While Abrams whittled away at the historical margin, Kemp worked to fire up conservative voters in rural and midsize GOP strongholds, such as Thomas County.

In some small, rural areas such as Colquitt County, Kemp even outperformed the ultimate Republican firebrand: Trump.

The county’s representative, Rep. Sam Watson, a Republican from Moultrie who chairs the rural legislative caucus, said he was puzzled by the turnover in the metro area, where the economy has flourished under Republican state leadership.

But he still thinks a rural-focused campaign will continue to have its political appeal.
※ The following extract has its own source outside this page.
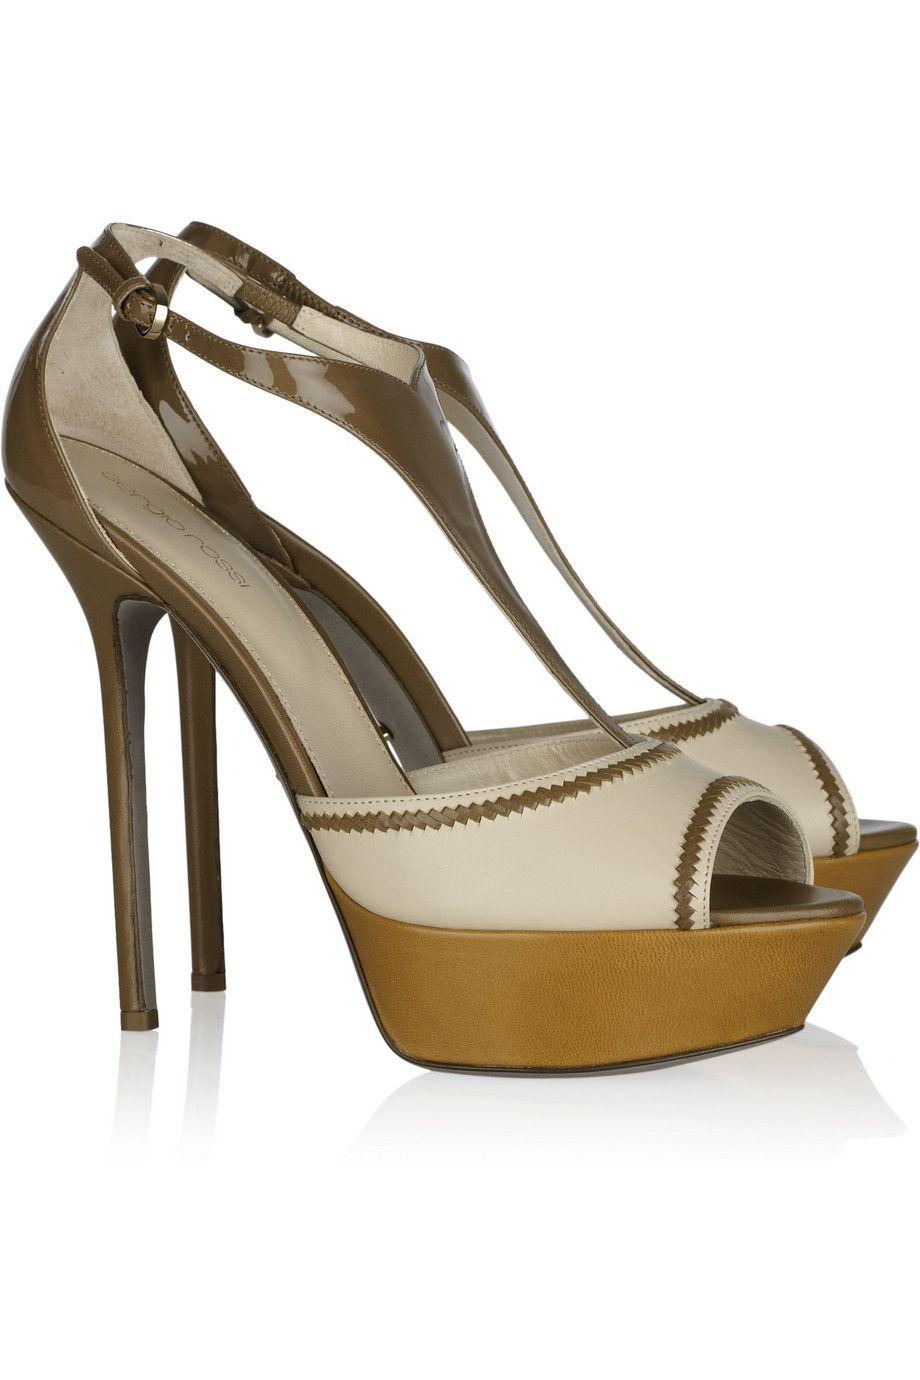 dd5162b2ae1 Sergio Rossi Color-block leather sandals

“It’s cool to be rural at the Capital these days,” Watson said. “So if you want to pass a piece of legislation, you put some kind of rural Georgia initiative in it and you’re going to get a lot of bipartisan support.”

Watson said he doesn’t see that changing. He is vice chairman of a two-year-old legislative council that has put a spotlight on rural woes, such as a lack of high-speed internet connections and stagnant local economies.

Kemp’s focus on rural Georgia will just accelerate those efforts, Watson said, and rural voters will remember that in four years.